Friday, June 4, 2010

Short-Sighted View of the Pursuit of Happiness


http://tinyurl.com/3a3tevu

President of the American Enterprise Institute Arthur C. Brooks writes a column at National Review.com that outlines a very narrow minded, ignorant view of happiness. To sum it up, Brooks says that making a lot of money is the key to happiness.

Like most columns by conservative columnists these days, he starts of criticizing President Obama. At a commencement address in 2009 President Obama encouraged his audience not to “chase after all the usual brass rings”. He said that this has been in our culture for too long and that we could do better.

It kind of reminds me of Romans 12:2 “Do not conform any longer to the pattern of this world, but be transformed by the renewing of your mind. Then you will be able to test and approve what God's will is—his good, pleasing and perfect will.”

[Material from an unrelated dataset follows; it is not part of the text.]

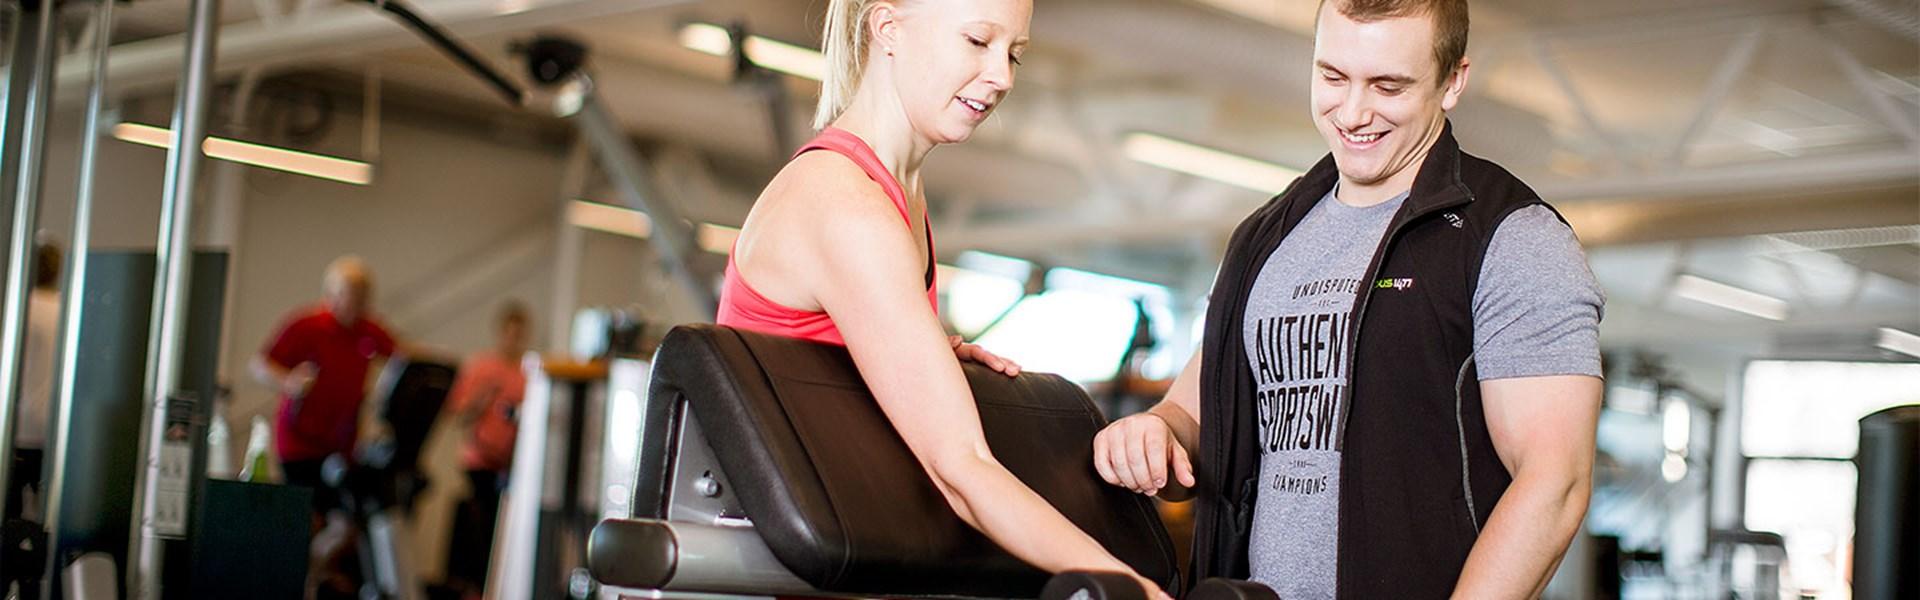 Campus1477 gym i Uppsala - Introduction to the gym 597b32af79a0e
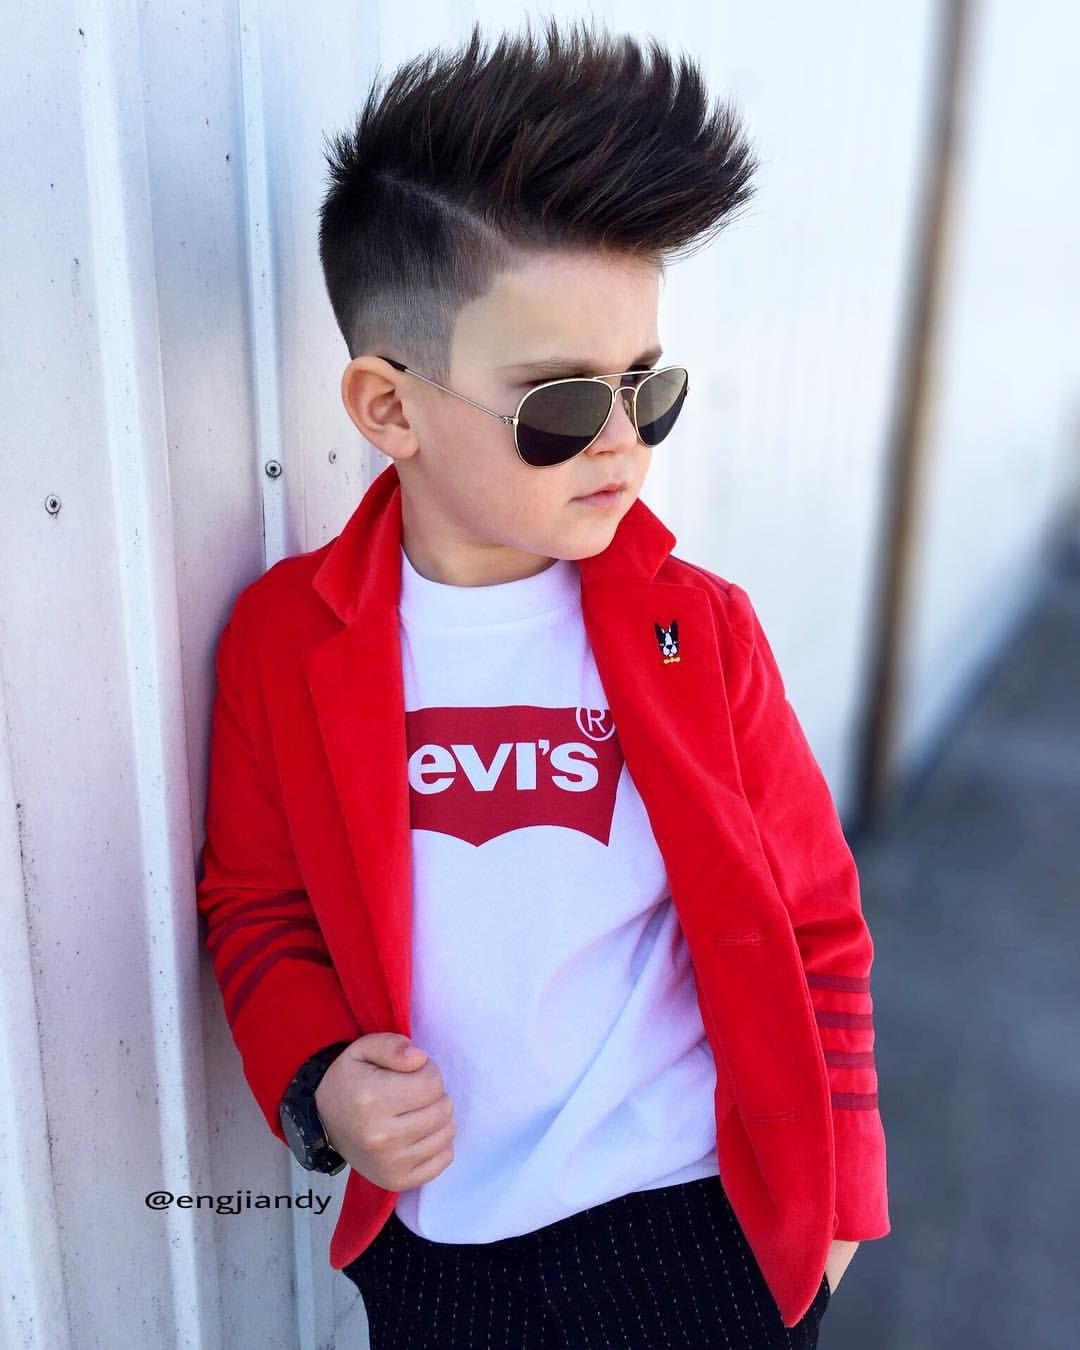 Stylish Child Pic Hd : stylish, child, Engjiandy, (@engjiandy), Instagram, Photos, Videos, Stylish, Fashion,, Outfits,, Trendy, Outfits

Needless to say, Brooks disagreed. He went on to argue that materialism and the pursuit and accumulation of wealth will not only make the individual happy but that each individual’s personal pursuit of happiness and wealth is what’s best for society as a whole. Brooks expends a lot of words criticizing Obama’s policy of wealth redistribution which has nothing to do with Obama’s speech, but he uses it to explain his premise that redistributing wealth does not make the recipient “happy”. Rather earning wealth is what brings happiness. “People who feel they have earned their success are much happier than people who feel they have not,” he writes.

And he had evidence to support his thesis. He cites a 1996 study that found that people who thought they were successful were more likely to consider themselves “happy”. A 2001 study found that people who believed they were successful were less likely to feel sad.

He pointed out that money itself does not make people happy, but success is what makes people happy. He said that money “is merely the symbol of earned success”. He offered that the best way for someone to achieve happiness is by working hard through the free enterprise system which is “not just a money machine — it is a happiness machine.”

It’s obvious that he missed the whole point of President Obama’s speech. The fact is that it is a major part of our culture the belief that working hard and making a lot of money is the key to happiness, and it is also a major part of our culture that one’s own personal happiness should be one’s primary goal in life.

Why?

Why am I so important that my goal in life should be my own personal happiness? Is that what life is about? The truth is that we live in a society where the individual ego is at the forefront, where each individual is taught to serve his or herself and that “me” is the most important person in the world. Striving to achieve wealth, success and happiness for myself should not be my primary goal.

Another part of our culture that we should be encouraged to avoid is the consumer culture. I want what I want. I have to wear the right clothes to fit in. I have to keep up with the Joneses. I want a Vegematic. I want a Pocket Fisherman. I want a handy appliance that'll scramble an egg while it's still inside its shell. Our culture has us working jobs we don’t like and/or going into debt to buy things we don’t need.

But the Bible teaches something different.

Romans 12: “Therefore, I urge you, brothers, in view of God's mercy, to offer your bodies as living sacrifices, holy and pleasing to God—this is your spiritual act of worship. Do not conform any longer to the pattern of this world, but be transformed by the renewing of your mind. Then you will be able to test and approve what God's will is—his good, pleasing and perfect will. For by the grace given me I say to every one of you: Do not think of yourself more highly than you ought, but rather think of yourself with sober judgment, in accordance with the measure of faith God has given you. Just as each of us has one body with many members, and these members do not all have the same function, so in Christ we who are many form one body, and each member belongs to all the others.”

Philippians 2: “Do nothing out of selfish ambition or vain conceit, but in humility consider others better than yourselves. Each of you should look not only to your own interests, but also to the interests of others. Your attitude should be the same as that of Christ Jesus: Who, being in very nature God, did not consider equality with God something to be grasped, but made himself nothing, taking the very nature of a servant, being made in human likeness. And being found in appearance as a man, he humbled himself and became obedient to death— even death on a cross!”

The Bible teaches that we should NOT seek our own interests of personal happiness and wealth. Look not only to your own interests but also to the interests of others. Don’t think of yourself more highly than you ought. Think of yourself as a member of one body with many members each member belonging to the others. And consider others better than yourself.

The President was right. We can do better than what our culture instructs us.